The features page shows the kind of setup that makes those signals easier to see. The PMO use case shows the same behaviour at portfolio level.

If those signs do not move, the workflow is still too hard to maintain. The fix is usually to simplify the steps people touch every week, not to add another rule.

Practical next step

If How to keep a decision log that prevents rework is supposed to produce decisions, not just discussion, the first move is to make the meeting shorter and sharper. Keep the agenda focused on exceptions, decisions, and follow-through. Anything that can be read from the dashboard should stay out of the live conversation.

A useful governance change does not need a new committee. It needs a cleaner rule for what gets discussed in the room. Put status in the shared system, reserve the meeting for decisions, and make sure every decision produces an owner and a due date.

That usually shortens the meeting immediately, because people stop reading their updates out loud. It also makes the result easier to trust. When the same structure is used week after week, the team knows where decisions live and what gets reviewed next time.

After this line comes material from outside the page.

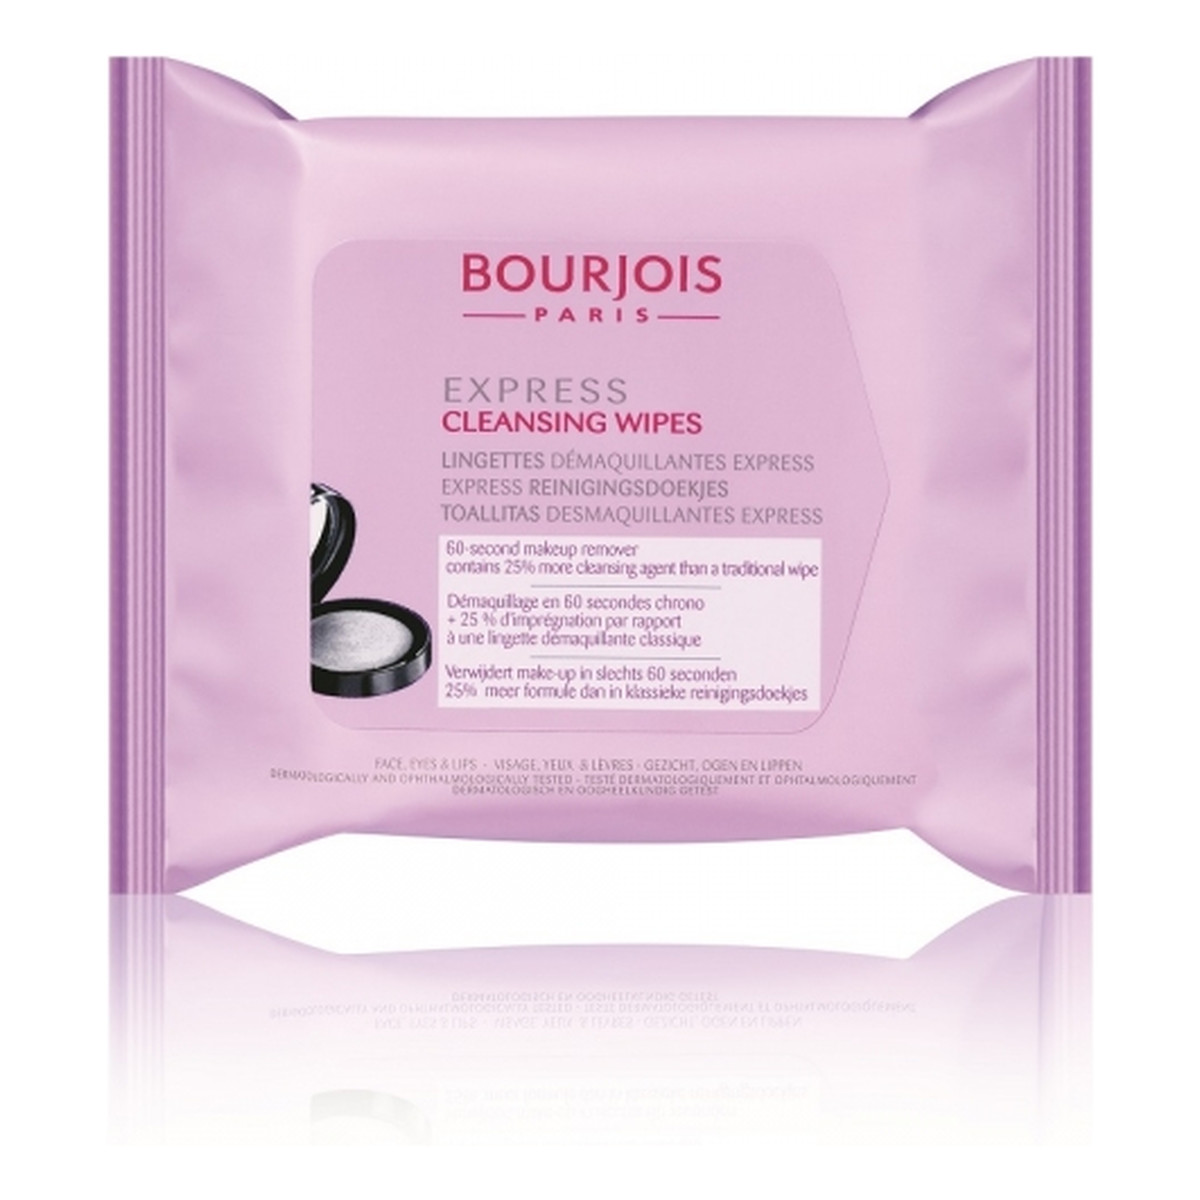 Bourjois Express Cleansing Wipes hipoalergiczne chusteczki do ekspresowego demakijażu 25 szt.

The features page shows how the workflow stays connected to the work. The PMO use case shows how the same structure plays out in a live operating model.

After two cycles, review what people are still doing outside the system. If the answer is “copying status,” “asking for the latest version,” or “keeping a backup spreadsheet,” the process still needs one more simplification pass. If the answer is “nothing,” the change is probably small enough to stick.

Frequently asked questions

What is a decision log?

A decision log is a structured record of decisions made during a project or programme. Each entry captures what was decided, when, why, by whom, and what alternatives were considered.

Where should a decision log be kept?

In the project workspace, linked to the relevant project or programme. It should be easily accessible to anyone working on the project without requiring a separate search.

Who is responsible for maintaining the decision log?

The meeting facilitator or project manager typically captures decisions. The PMO or operations lead may own the overall log for portfolio-level decisions.

How detailed should decision log entries be?

Detailed enough that someone who was not in the room can understand what was decided and why. Typically two to four sentences per entry: the decision, the context, and the rationale.

Should minor decisions be logged?

Log decisions that affect project direction, scope, timeline, resources, or architecture. Minor operational decisions (which meeting room to use, what time to schedule a call) do not need formal logging.

How do I handle decisions that need to be revisited?

Flag them with a review date. Include them in the appropriate governance forum when the review date arrives. Update the log with the new decision if the original is changed.

Want to test this on one live project?

Start with one engagement, compare it against your current workflow, and see whether the reporting gets simpler.